# Boer sale on the internet



## Tenacross (May 26, 2011)

Right now.
Smith-Hobby Boer goat sale
http://www.dvauction.com/events/view/23535


----------



## toth boer goats (Jul 20, 2008)

I have watched some of those but my internet wasn't good enough to enjoy it....but.. what I could see of it... they are pretty neat....and have some nice animals going through... :thumb: 

Do you ever buy from those internet Auctions?


----------



## Tenacross (May 26, 2011)

No I haven't, but I maybe would. Transportation would be the problem.
They had an auction in southern Wa. awhile back. I wanted to go, but had a horse running and couldn't make it. I saw some of that on the internet. I should have bought something. Hehe. The Showstopper is coming up from La. I like the EGGS. Their website is irritating though. I would like to know more about flushes. The sale that prompted this post had some big money sellers. Like $3000 range.


----------



## toth boer goats (Jul 20, 2008)

I'd love to purchase some of those... but ...yep like you said... it is so far away...
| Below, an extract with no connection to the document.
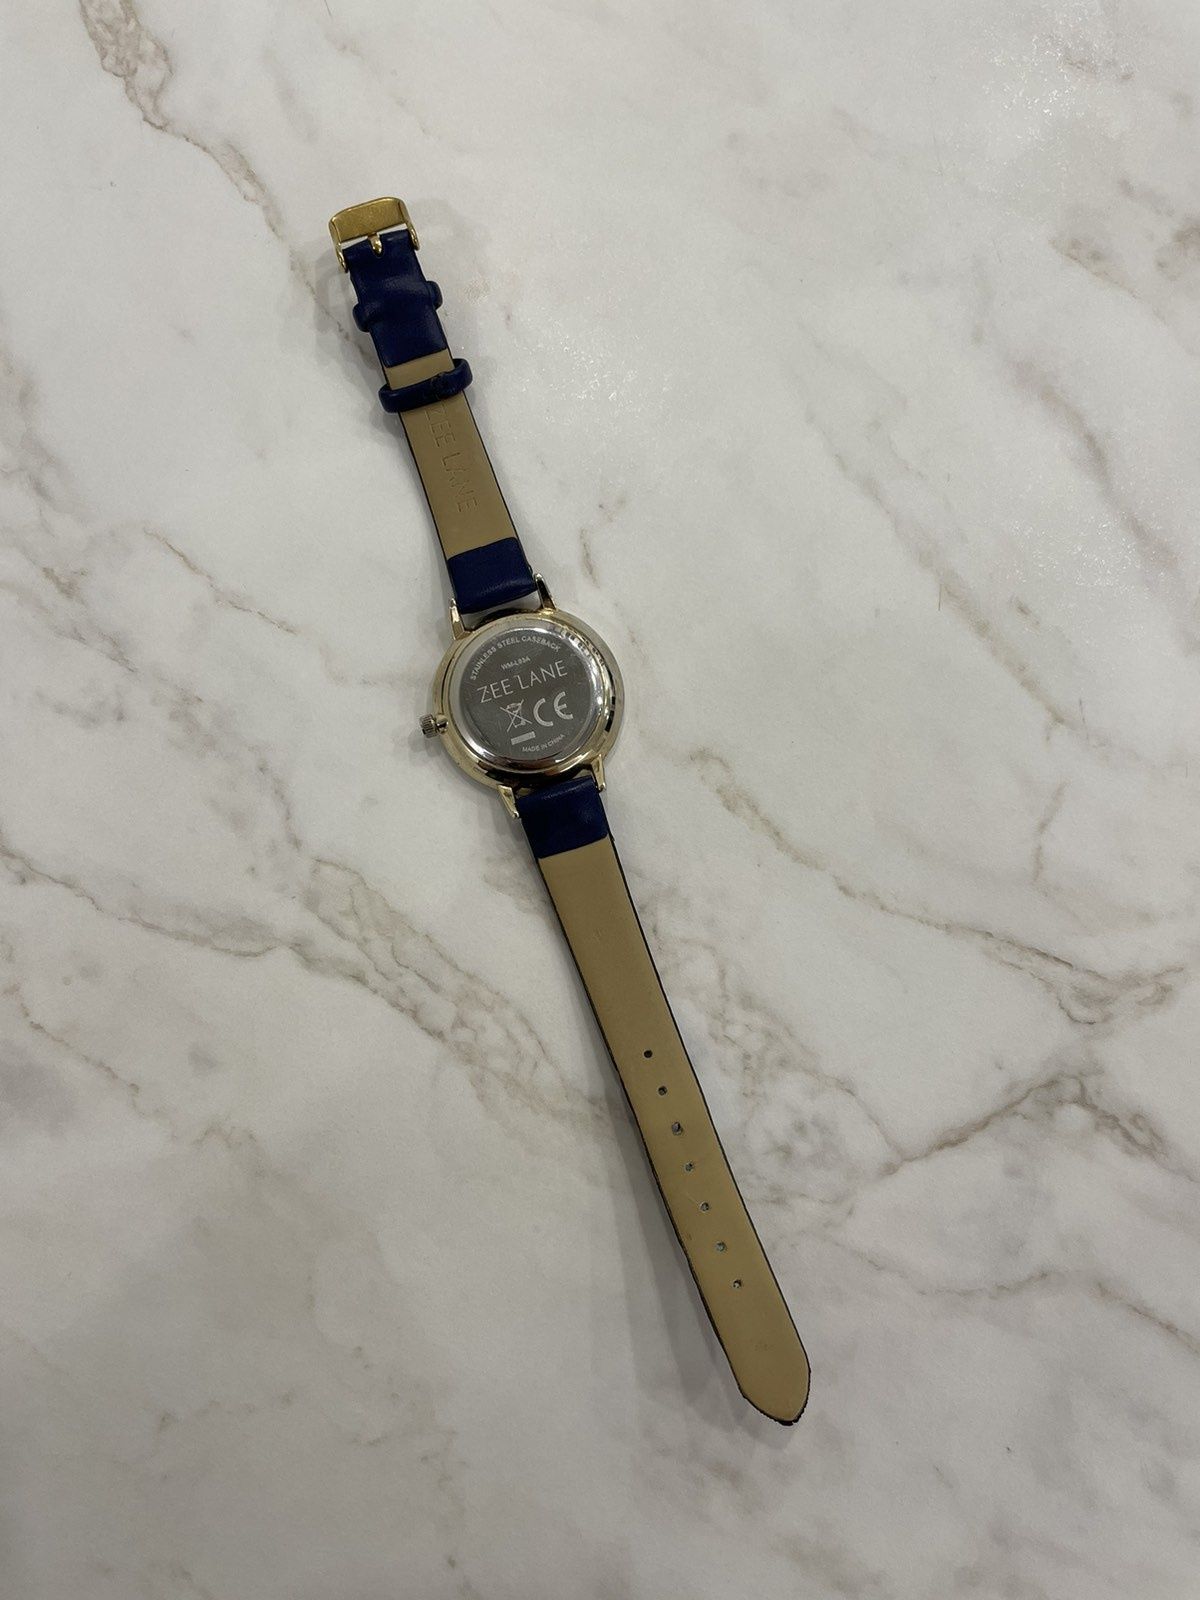 Дамски луксозен часовник ZEE LANE

Oh... I like the Eggs lines too... I agree their website doesn't have enough enough on it.....

Wow... $3,000 is alot for this bad economy... they must of been real exceptional... :hi5: :wink:


----------



## Tenacross (May 26, 2011)

toth boer goats said:


> Oh... I like the Eggs lines too...:


I see that. I've seen your website.


----------



## toth boer goats (Jul 20, 2008)

:thumbup: :hi5:


----------